__SOURCE DATA__:
- Opening Delimiter -

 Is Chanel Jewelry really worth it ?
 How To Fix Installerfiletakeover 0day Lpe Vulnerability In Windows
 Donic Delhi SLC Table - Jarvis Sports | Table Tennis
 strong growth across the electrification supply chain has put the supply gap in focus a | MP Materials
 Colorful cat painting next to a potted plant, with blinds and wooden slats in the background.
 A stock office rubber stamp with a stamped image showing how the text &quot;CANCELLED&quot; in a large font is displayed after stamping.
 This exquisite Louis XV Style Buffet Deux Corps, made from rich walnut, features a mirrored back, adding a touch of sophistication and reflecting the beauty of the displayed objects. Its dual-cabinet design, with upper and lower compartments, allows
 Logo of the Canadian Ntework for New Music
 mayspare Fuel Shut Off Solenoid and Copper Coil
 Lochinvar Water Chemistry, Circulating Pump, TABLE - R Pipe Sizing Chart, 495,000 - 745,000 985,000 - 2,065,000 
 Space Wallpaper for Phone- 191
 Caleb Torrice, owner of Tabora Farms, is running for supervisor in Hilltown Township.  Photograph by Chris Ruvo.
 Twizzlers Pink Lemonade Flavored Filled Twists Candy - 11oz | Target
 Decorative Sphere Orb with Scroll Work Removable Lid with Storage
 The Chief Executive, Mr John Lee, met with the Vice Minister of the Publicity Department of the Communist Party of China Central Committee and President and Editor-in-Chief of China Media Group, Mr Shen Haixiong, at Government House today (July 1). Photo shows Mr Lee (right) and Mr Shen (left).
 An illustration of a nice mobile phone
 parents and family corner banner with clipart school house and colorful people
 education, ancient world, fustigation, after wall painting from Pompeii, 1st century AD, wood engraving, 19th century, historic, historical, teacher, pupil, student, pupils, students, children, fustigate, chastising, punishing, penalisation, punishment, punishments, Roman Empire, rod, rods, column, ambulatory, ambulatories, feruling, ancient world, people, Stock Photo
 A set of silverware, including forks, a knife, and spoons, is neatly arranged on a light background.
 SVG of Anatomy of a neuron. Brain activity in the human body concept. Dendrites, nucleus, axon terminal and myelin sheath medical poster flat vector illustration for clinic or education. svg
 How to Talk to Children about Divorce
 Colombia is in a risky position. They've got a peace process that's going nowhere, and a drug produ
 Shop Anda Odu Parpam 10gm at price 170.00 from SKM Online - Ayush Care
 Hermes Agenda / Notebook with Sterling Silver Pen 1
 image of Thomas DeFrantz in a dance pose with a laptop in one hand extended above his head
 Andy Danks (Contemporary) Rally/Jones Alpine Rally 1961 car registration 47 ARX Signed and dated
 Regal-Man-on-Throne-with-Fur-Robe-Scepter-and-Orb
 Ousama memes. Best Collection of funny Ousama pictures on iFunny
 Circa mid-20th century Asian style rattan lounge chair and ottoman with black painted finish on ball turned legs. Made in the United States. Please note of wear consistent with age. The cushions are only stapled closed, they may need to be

- Closing Delimiter -

__THE PROBLEM__: In the data above, which lines lie between the line with "Logo of the Canadian Ntework for New Music" and the line with "An illustration of a nice mobile phone", inclusive? Print those lines exactly and nothing else.

__SOLUTION TO THIS TASK__:
 Logo of the Canadian Ntework for New Music
 mayspare Fuel Shut Off Solenoid and Copper Coil
 Lochinvar Water Chemistry, Circulating Pump, TABLE - R Pipe Sizing Chart, 495,000 - 745,000 985,000 - 2,065,000 
 Space Wallpaper for Phone- 191
 Caleb Torrice, owner of Tabora Farms, is running for supervisor in Hilltown Township.  Photograph by Chris Ruvo.
 Twizzlers Pink Lemonade Flavored Filled Twists Candy - 11oz | Target
 Decorative Sphere Orb with Scroll Work Removable Lid with Storage
 The Chief Executive, Mr John Lee, met with the Vice Minister of the Publicity Department of the Communist Party of China Central Committee and President and Editor-in-Chief of China Media Group, Mr Shen Haixiong, at Government House today (July 1). Photo shows Mr Lee (right) and Mr Shen (left).
 An illustration of a nice mobile phone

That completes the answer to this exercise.